Conversely, show that if $(x,y)$ satisfies this LCP, then either:
- $x=0$ and $y=0$, or 
- $p_i = \dfrac{x_i}{\sum_k x_k}$ and $q_j = \dfrac{y_j}{\sum_l y_l}$ is a Nash equilibrium, and in that case, $\alpha = \dfrac{1}{\sum_l y_l}$ and $\beta = \dfrac{1}{\sum_k x_k}$.


# Zero-sum games

Assume $B = c - A$ with $c$ a constant.

We use the data from Palacios–Huerta (2003) on penalty kicks. (See the [lecture on zero-sum games](https://www.math-econ-code.org/matrix-games).)

In [3]:
penalty_data = np.array([[53.21, 71.35, 93.80], 
                         [90.26, 42.81, 86.12], 
                         [96.88, 100.0, 75.43]])

penalty_zero_sum = Bimatrix_game(A_i_j = penalty_data, B_i_j = 100 - penalty_data)
print('A_i_j =\n', penalty_zero_sum.A_i_j)

A_i_j =
 [[ 53.21  71.35  93.8 ]
 [ 90.26  42.81  86.12]
 [ 96.88 100.    75.43]]


Here only $A_{ij}$ is used. $B_{ij}$ is ignored, and the game is solved as a zero-sum game, i.e. as a LP from one of the two players' perspective.  
Recall for instance, from the perspective of player 1:
\begin{align}
\min_{x_i \geq 0} ~& \textstyle\sum_i x_i \\
\text{s.t.} ~& \textstyle\sum_i A_{ij} x_i \geq 1 \quad [y_j \geq 0].
\end{align}

We then recover the strategy using $p_i = \dfrac{x_i}{\sum_i x_i}$, $q_j = \dfrac{y_j}{\sum_i x_i}$ (since $\sum_i x_i = \sum_j y_j$ by strong duality).

## Solution using Gurobi

We can adapt the Gurobi solver from the `Matrix_game` class.

In [4]:
from mec.gt import Matrix_game

def Bimatrix_game_zero_sum_solve(self, verbose=0):
    return Matrix_game(self.A_i_j).solve(verbose)
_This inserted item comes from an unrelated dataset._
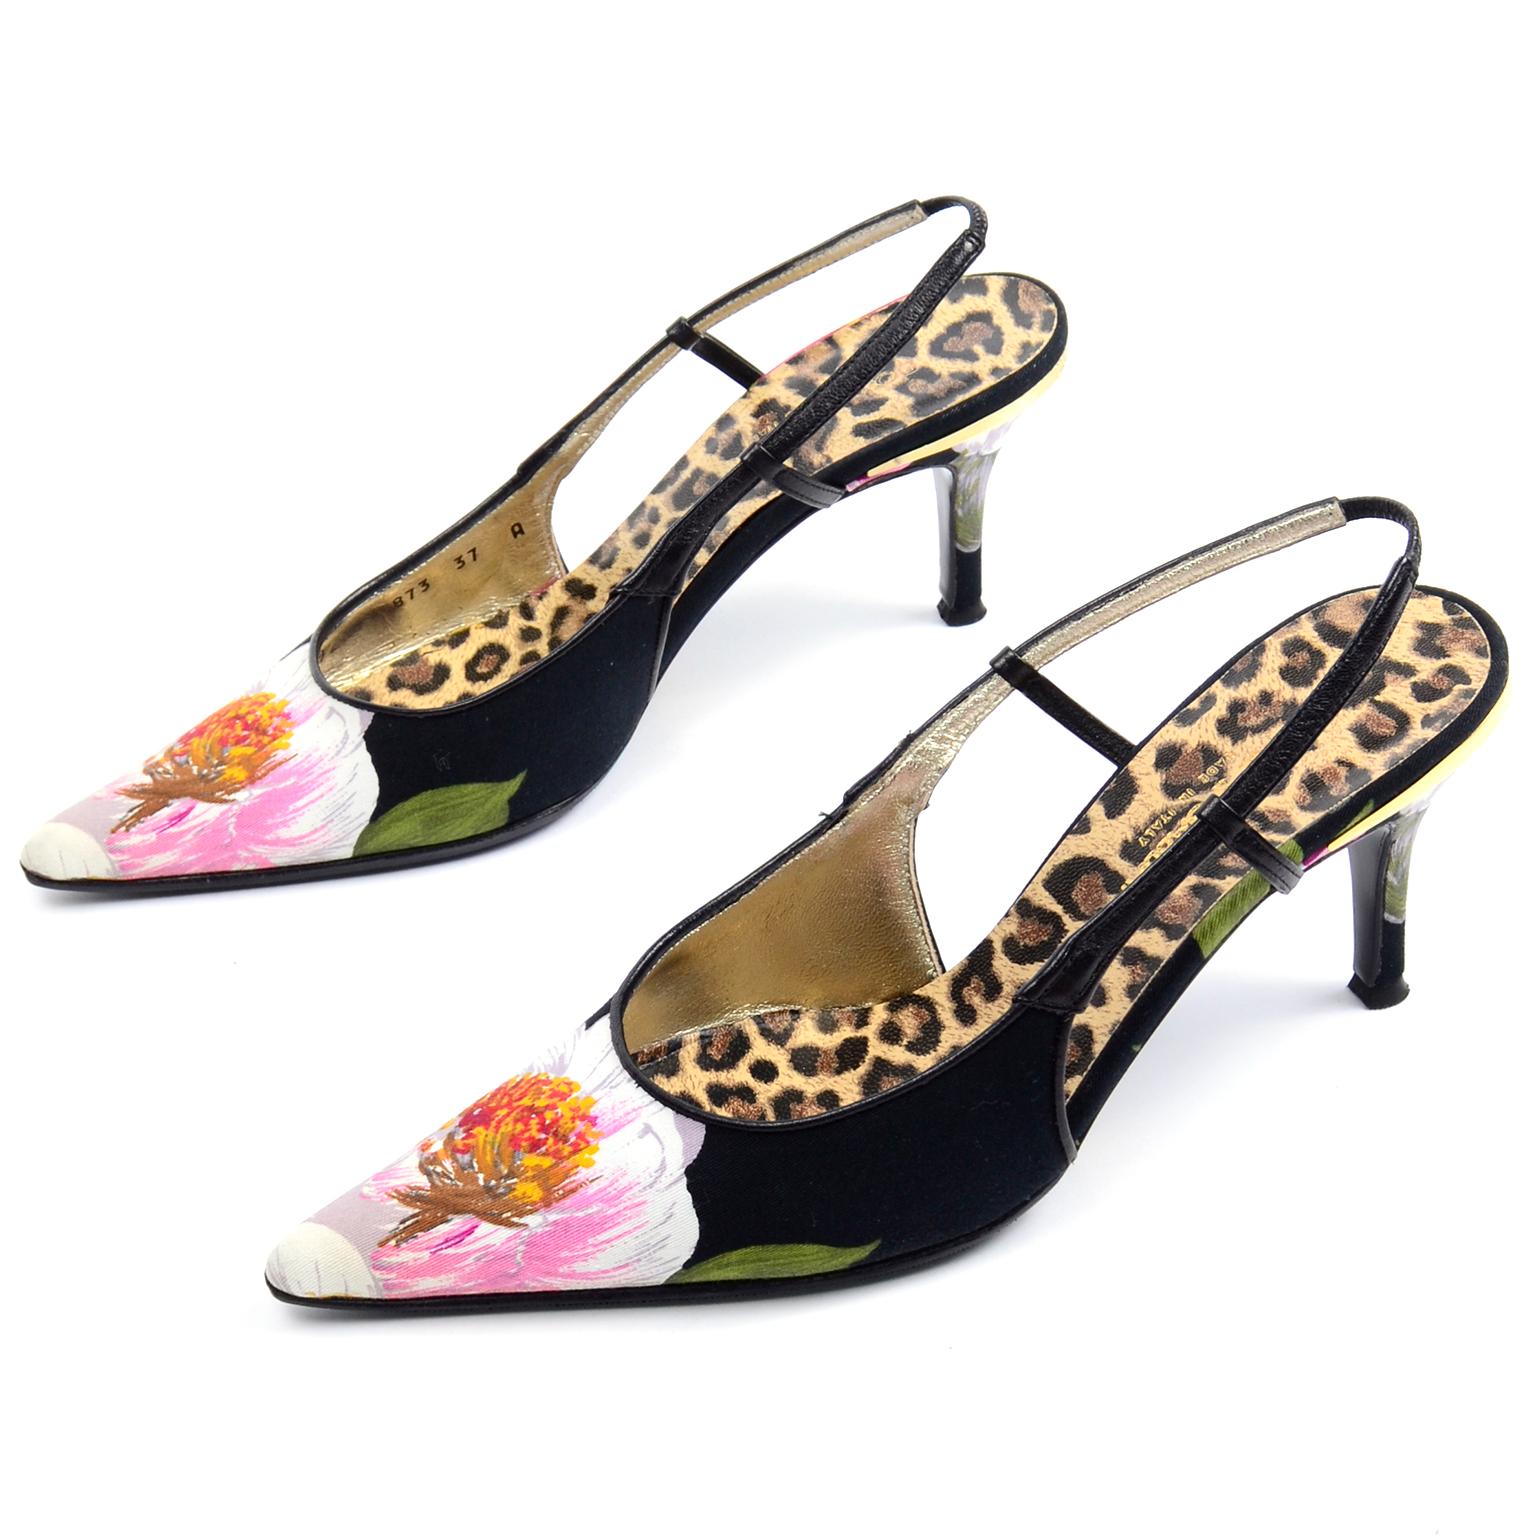 Beige Dolce & Gabbana Pink White & Floral Slingback Pointed Toe Shoes w/ Box & Dustbag For Sale
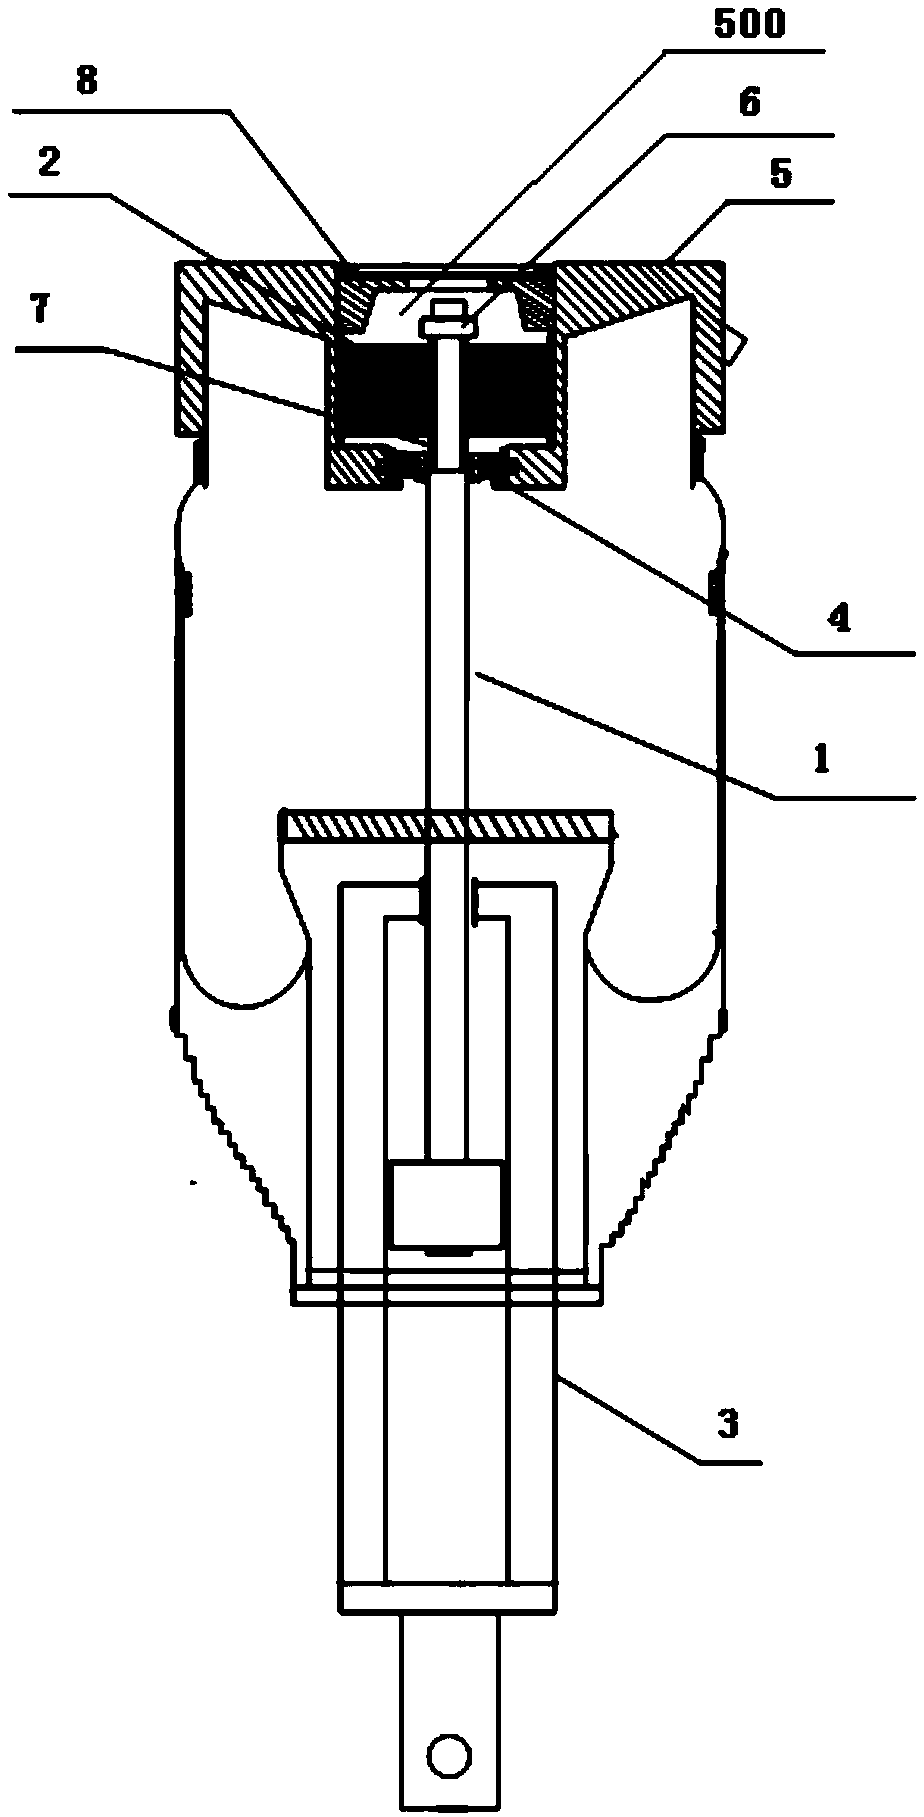 Lever-mechanism-based air spring shock absorber assembly providing lateral force

Bimatrix_game.zero_sum_solve = Bimatrix_game_zero_sum_solve

In [5]:
from scipy import sparse

In [6]:
penalty_zero_sum.zero_sum_solve()

Set parameter Username
Academic license - for non-commercial use only - expires 2025-01-21


{'p_i': array([0.3033884 , 0.15180727, 0.54480433]),
 'q_j': array([0.21908541, 0.10161508, 0.67929951]),
 'val': 82.62606457928055}

# Solving non-zero-sum games

Now we consider a version of the game with another $B$, such that the game is not zero-sum anymore.  
Imagine for instance that the goalkeeper gets a bonus if he jumps in the correct direction of the penalty kick, whether or not he catches the ball.

In [7]:
penalty_nonzero_sum = Bimatrix_game(A_i_j = penalty_data,
                                    B_i_j = np.array([[150, 100, 100],
                                                      [100, 150, 100],
                                                      [100, 100, 150]]) - penalty_data)
print('A_i_j =\n', penalty_nonzero_sum.A_i_j)
print('B_i_j =\n', penalty_nonzero_sum.B_i_j)

A_i_j =
 [[ 53.21  71.35  93.8 ]
 [ 90.26  42.81  86.12]
 [ 96.88 100.    75.43]]
B_i_j =
 [[ 96.79  28.65   6.2 ]
 [  9.74 107.19  13.88]
 [  3.12   0.    74.57]]


## Mangasarian–Stone

We implement the Mangasarian–Stone formulation using Gurobi.

In [8]:
tst = np.array([1] ).reshape(1)
tst * np.ones((3,1))

array([[1.],
       [1.],
       [1.]])

In [9]:
def Bimatrix_game_mangasarian_stone_solve(self, verbose=0):
    model=grb.Model()
    model.Params.OutputFlag = 0
    model.params.NonConvex = 2
    p_i = model.addMVar(shape = self.nbi)
    q_j = model.addMVar(shape = self.nbj)
    α = model.addMVar(shape = 1, lb = -grb.GRB.INFINITY)
    β = model.addMVar(shape = 1, lb = -grb.GRB.INFINITY)
    model.setObjective( α + β  - p_i @ (self.A_i_j + self.B_i_j) @ q_j , sense=grb.GRB.MINIMIZE)
    model.addConstr(np.ones((self.nbi,1)) @ α  - self.A_i_j @ q_j >= 0)
    model.addConstr(np.ones((self.nbj,1)) @ β - self.B_i_j.T @ p_i >= 0)
    model.addConstr(p_i.sum() == 1)
    model.addConstr(q_j.sum() == 1)
    model.optimize()
    sol = np.array(model.getAttr('x'))
    if verbose > 0: print('p_i =', sol[:self.nbi], '\nq_j =', sol[self.nbi:(self.nbi+self.nbj)])
    return {'p_i': sol[:self.nbi], 'q_j': sol[self.nbi:(self.nbi+self.nbj)],
            'val1': sol[-2], 'val2': sol[-1]}

Bimatrix_game.mangasarian_stone_solve = Bimatrix_game_mangasarian_stone_solve

In [10]:
penalty_nonzero_sum.mangasarian_stone_solve()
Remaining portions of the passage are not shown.